# [Requirement]
Find the line with "-098 Schraube Fahrersitzlehne" in the data below. Repeat it and every line after it exactly, but not the pictures.

# [Material provided]
▼▼▼

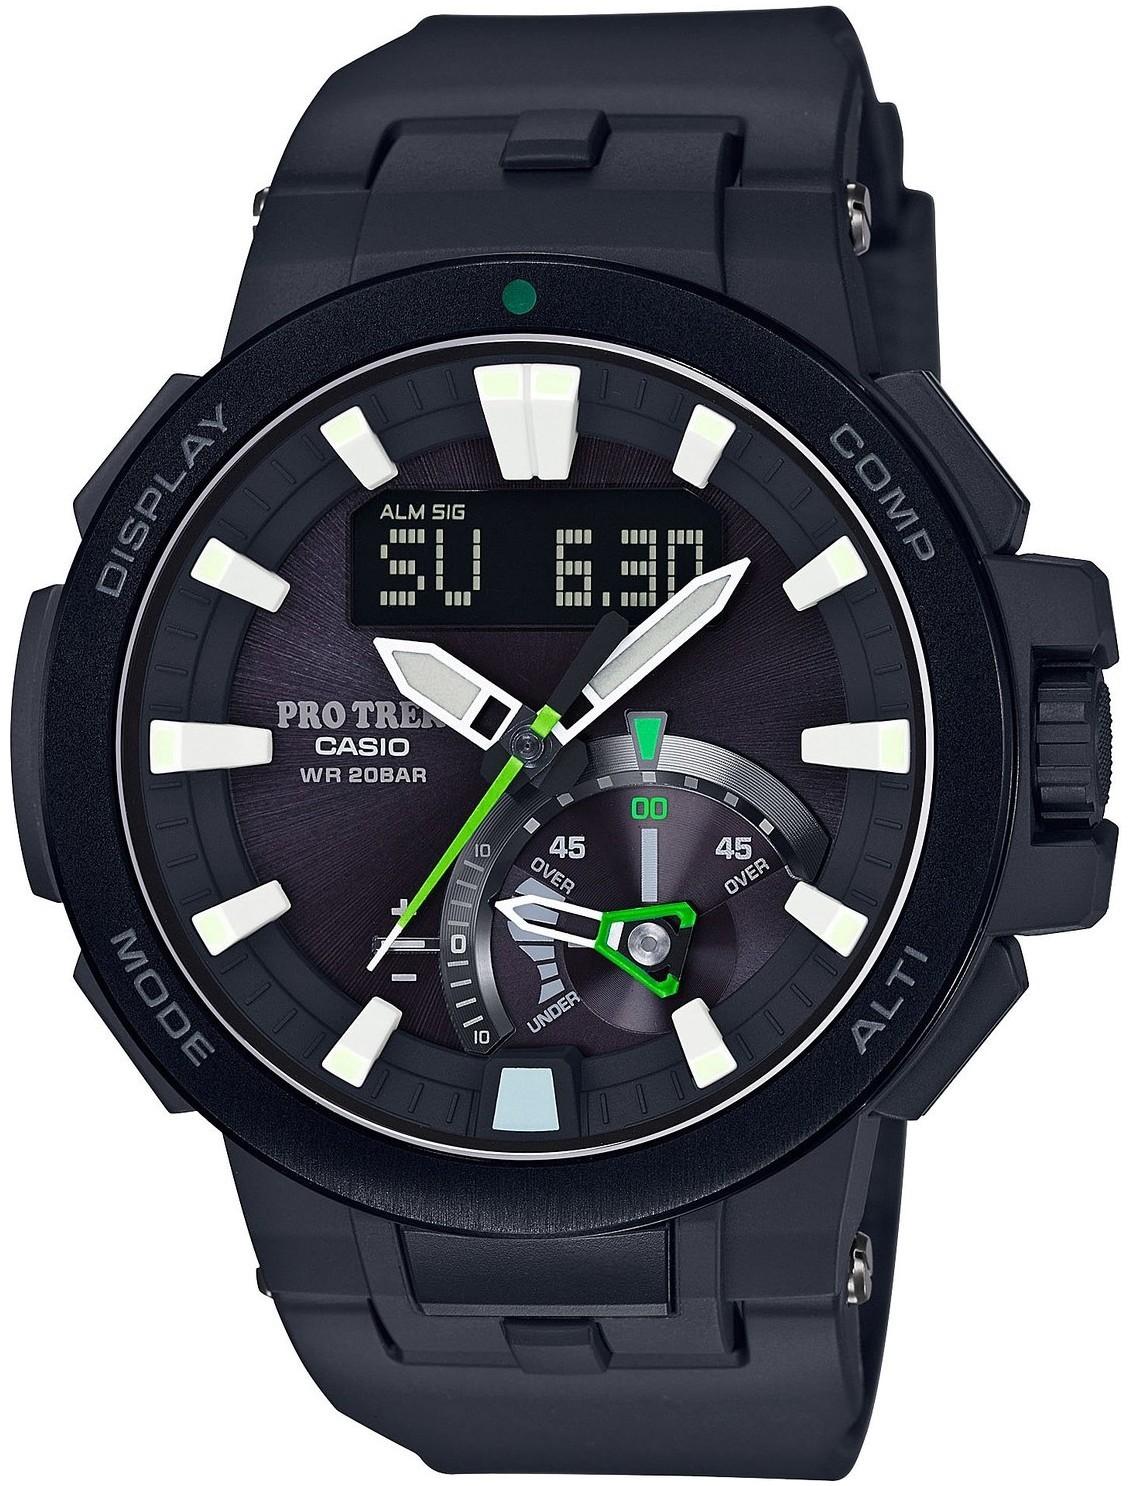 Casio Protrek PRW-7000-1A / PRW-7000-1AER - мужские наручные часыCasio<br><br><br>Бренд: Casio<br>Модель: Casio PRW-7000-1A<br>Артикул: PRW-7000-1A<br>Вариант артикула: PRW-7000-1AER<br>Коллекция: Protrek<br>Подколлекция: None<br>Страна: None<br>Пол: мужские<br>Тип механизма: None<br>Механизм: None<br>Количество камней: None<br>Автоподзавод: None<br>Источник энергии: от солнечной батареи<br>Срок службы элемента питания: None<br>Дисплей: стрелки<br>Цифры: отсутствуют<br>Водозащита: WR 200<br>Противоударные: есть<br>Материал корпуса: нерж. сталь + пластик<br>Материал браслета: пластик<br>Материал безеля: None<br>Стекло: сапфировое<br>Антибликовое покрытие: есть<br>Цвет корпуса: None<br>Цвет браслета: None<br>Цвет циферблата: None<br>Цвет безеля: None<br>Размеры: 52.3x58.7x14.5 мм<br>Диаметр: None<br>Диаметр корпуса: None<br>Толщина: None<br>Ширина ремешка: None<br>Вес: 95 г<br>Спорт-функции: секундомер, таймер обратного отсчета, высотомер, барометр, термометр, компас<br>Подсветка: дисплея, стрелок<br>Вставка: None<br>Отображение даты: вечный календарь, число, месяц, день недели<br>Хронограф: есть<br>Таймер: None<br>Термометр: None<br>Хронометр: None<br>GPS: None<br>Радиосинхронизация: есть<br>Барометр: None<br>Скелетон: None<br>Дополнительная информация: автоподсветка, ежечасный сигнал, функция перемещения стрелок, функция сохранения энергии, функция включения/отключения звука кнопок; ремешок с карбоновой вставкой<br>Дополнительные функции: индикатор запаса хода, второй часовой пояс, указатель фаз Луны, время восхода и заката, будильник (количество установок: 5)
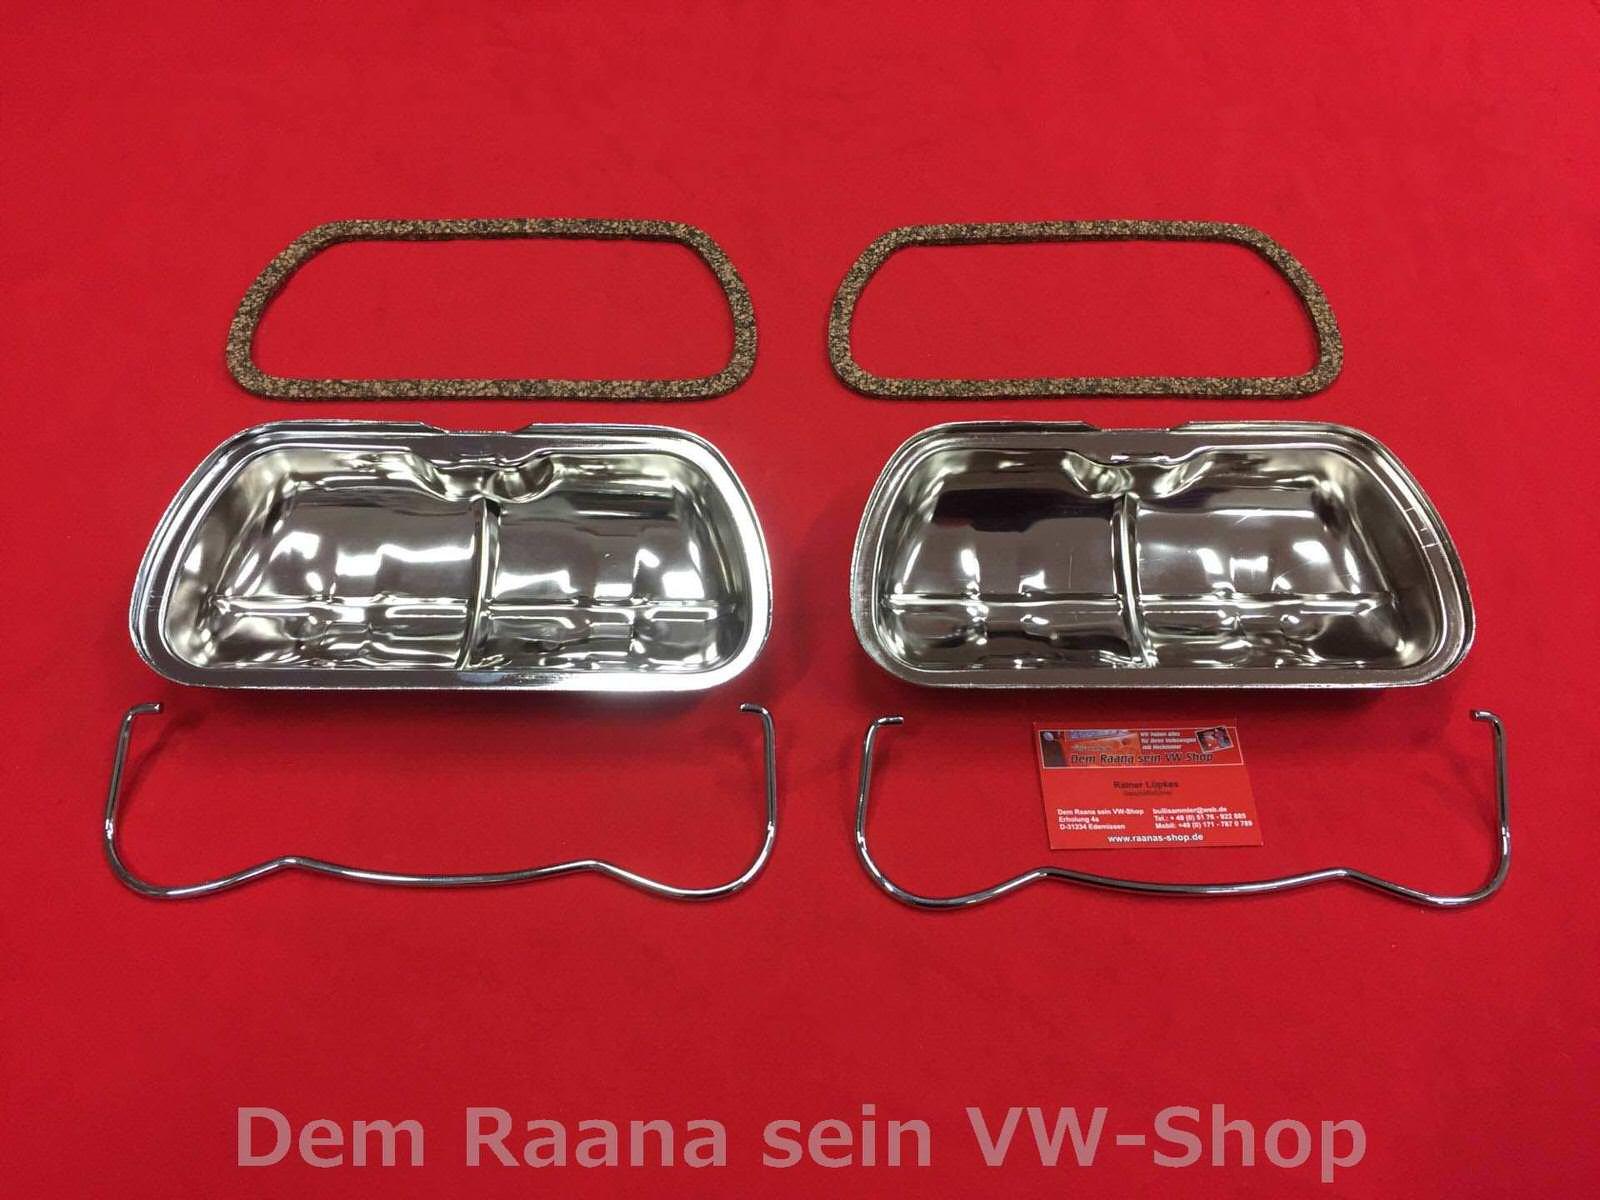 -098 Schraube Fahrersitzlehne für VW Bus T1 63-67 Lagerschraube AUTOCRAFT
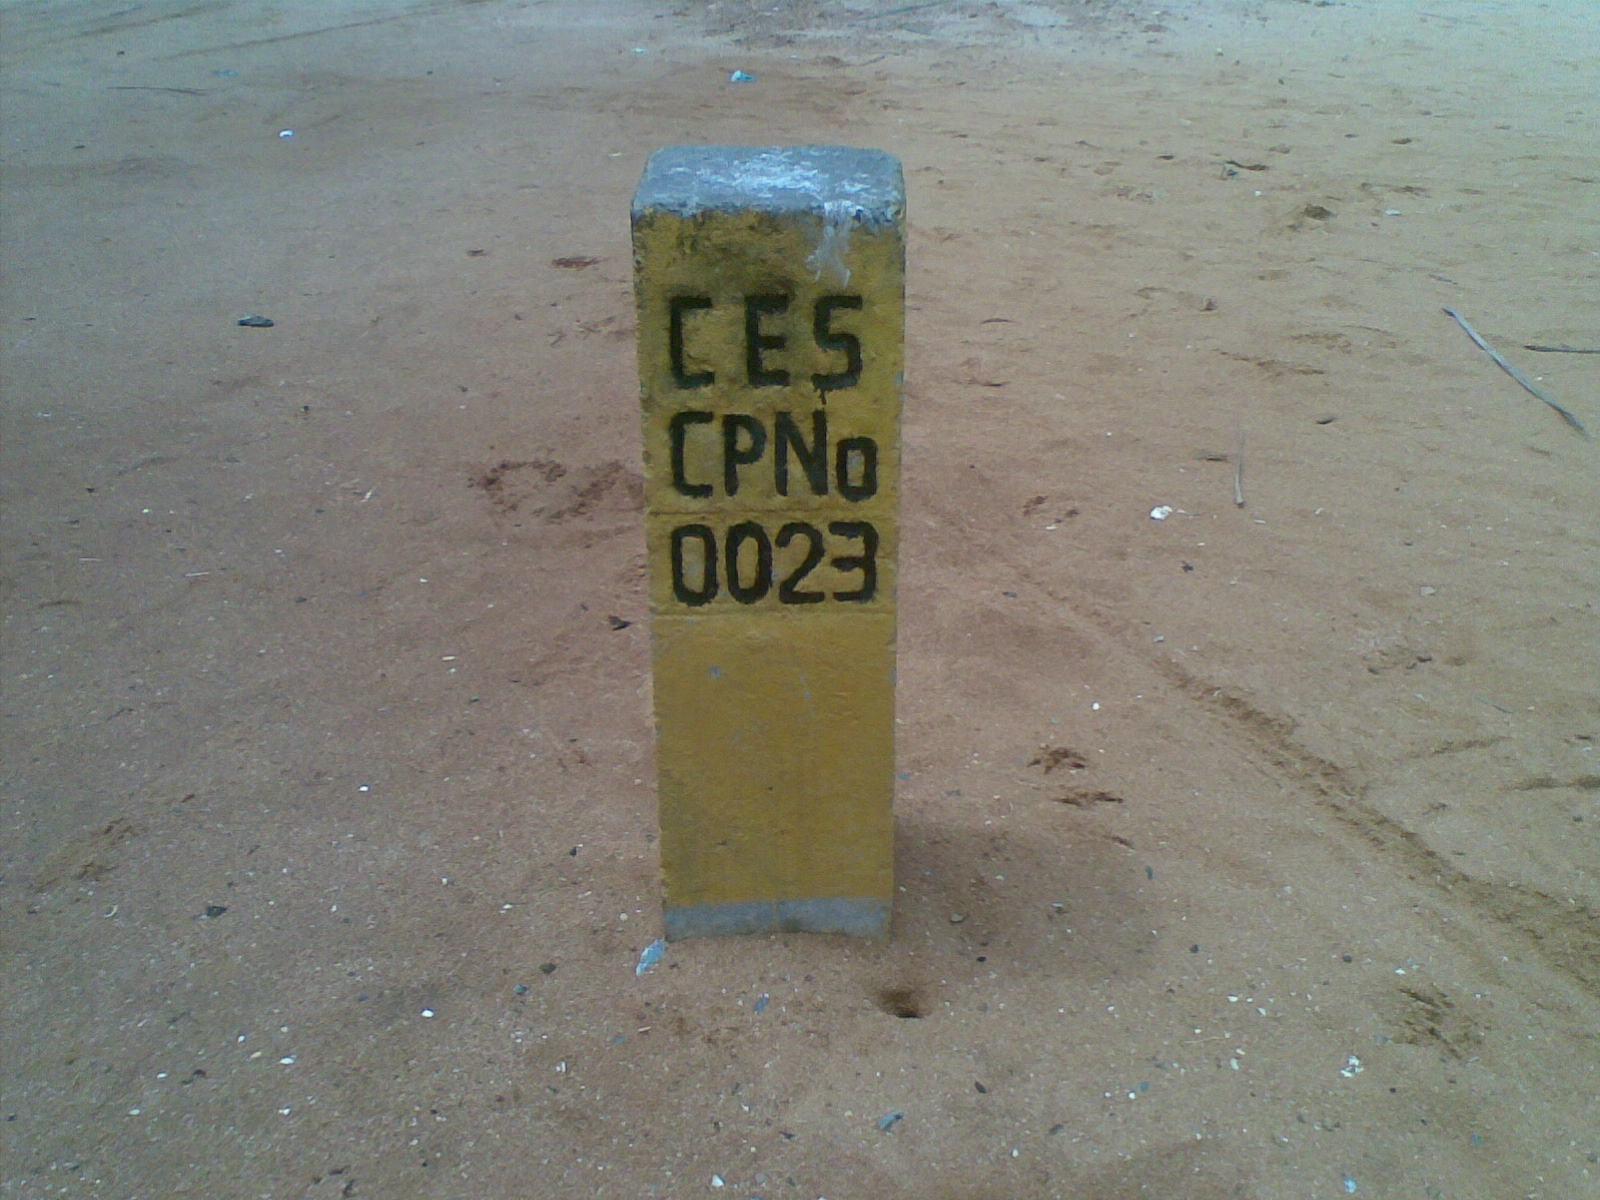 CES CPno 0023

▲▲▲

# [Exercise answer]
 -098 Schraube Fahrersitzlehne für VW Bus T1 63-67 Lagerschraube AUTOCRAFT
 CES CPno 0023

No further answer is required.